ACME also consults and works cooperatively with other WHS duty holders, including the building manager and other employers, to manage the risk of exposure to COVID-19 in the building:
- The building manager calculates recommended passenger limits for each lift to ensure that overcrowding does not occur and that lift users are able to maintain appropriate physical distancing and cough and sneeze etiquette while using the lift. Signage displaying these limits are displayed in and outside the lift.
- The building owner also establishes an email forum so that employers on each floor can consult each other and share strategies to keep workers and visitors safe when riding in lifts, and to pinpoint times of peak demand.
- The building manager puts in place a number of measures for the use of the building’s lifts. These include establishing a queuing system in the lift waiting area with floor markings, as well as placing signage around the waiting area to remind workers to physically distance and practice good hygiene. There is also increased cleaning of lifts, including touch touchpoints such as lift buttons, and alcohol-based sanitiser is readily available in lift waiting areas for workers to use when arriving and leaving.
Following consultation with the building owner and other tenants, it becomes clear that there will still be a peak period of demand over the hour 12:30-1:30pm when many workers leave the building to purchase lunch. The group agrees it is not reasonably practicable to direct workers when they may purchase their lunch and that lift capacity may temporarily increase at this time.

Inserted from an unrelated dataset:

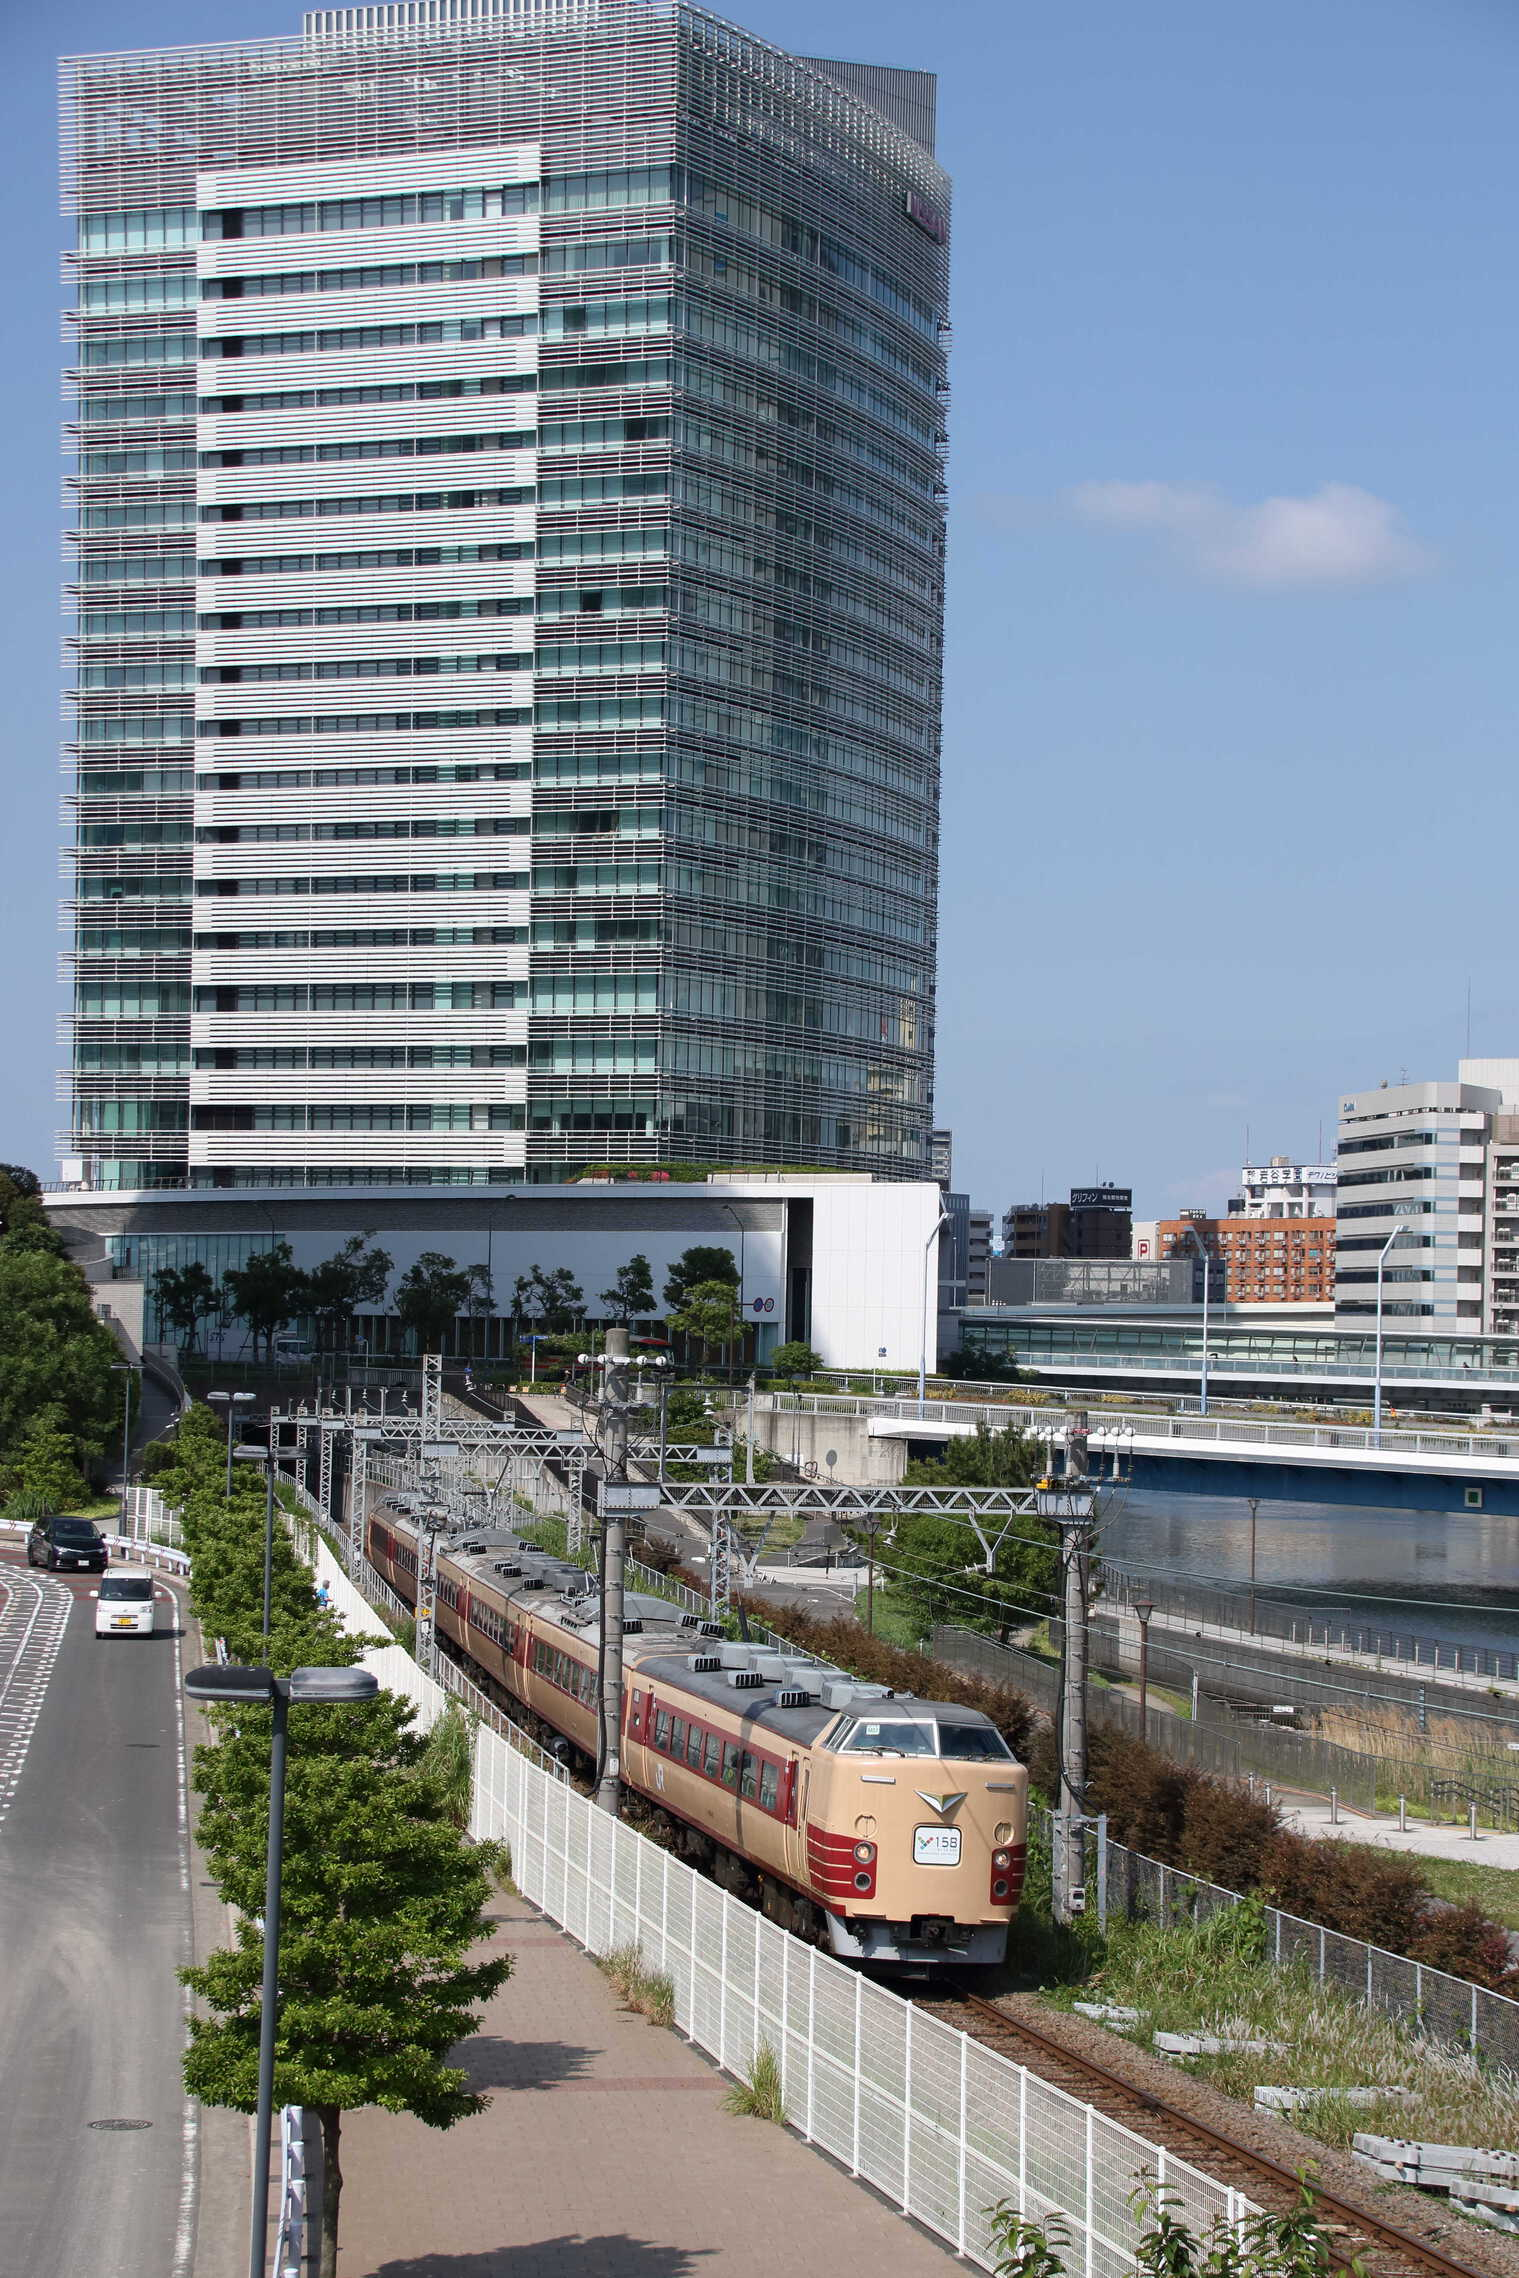 9822M 団臨(浜504) 横浜セントラルタウンフェスティバルY158記念列車の旅 189系 八トタM51編成

ACME and other tenants undertake to consult with workers and visitors, and to emphasise the importance of not entering a lift already at capacity. Each tenant also supplies clean tissues, hand sanitiser and signage about cough etiquette near the lifts on their floor to ensure the best hygiene and awareness possible.
The building manager also undertakes to consult with the two cafés on site to investigate whether they would consider deliveries of food items to address some of the demand over the lunchtime peak period.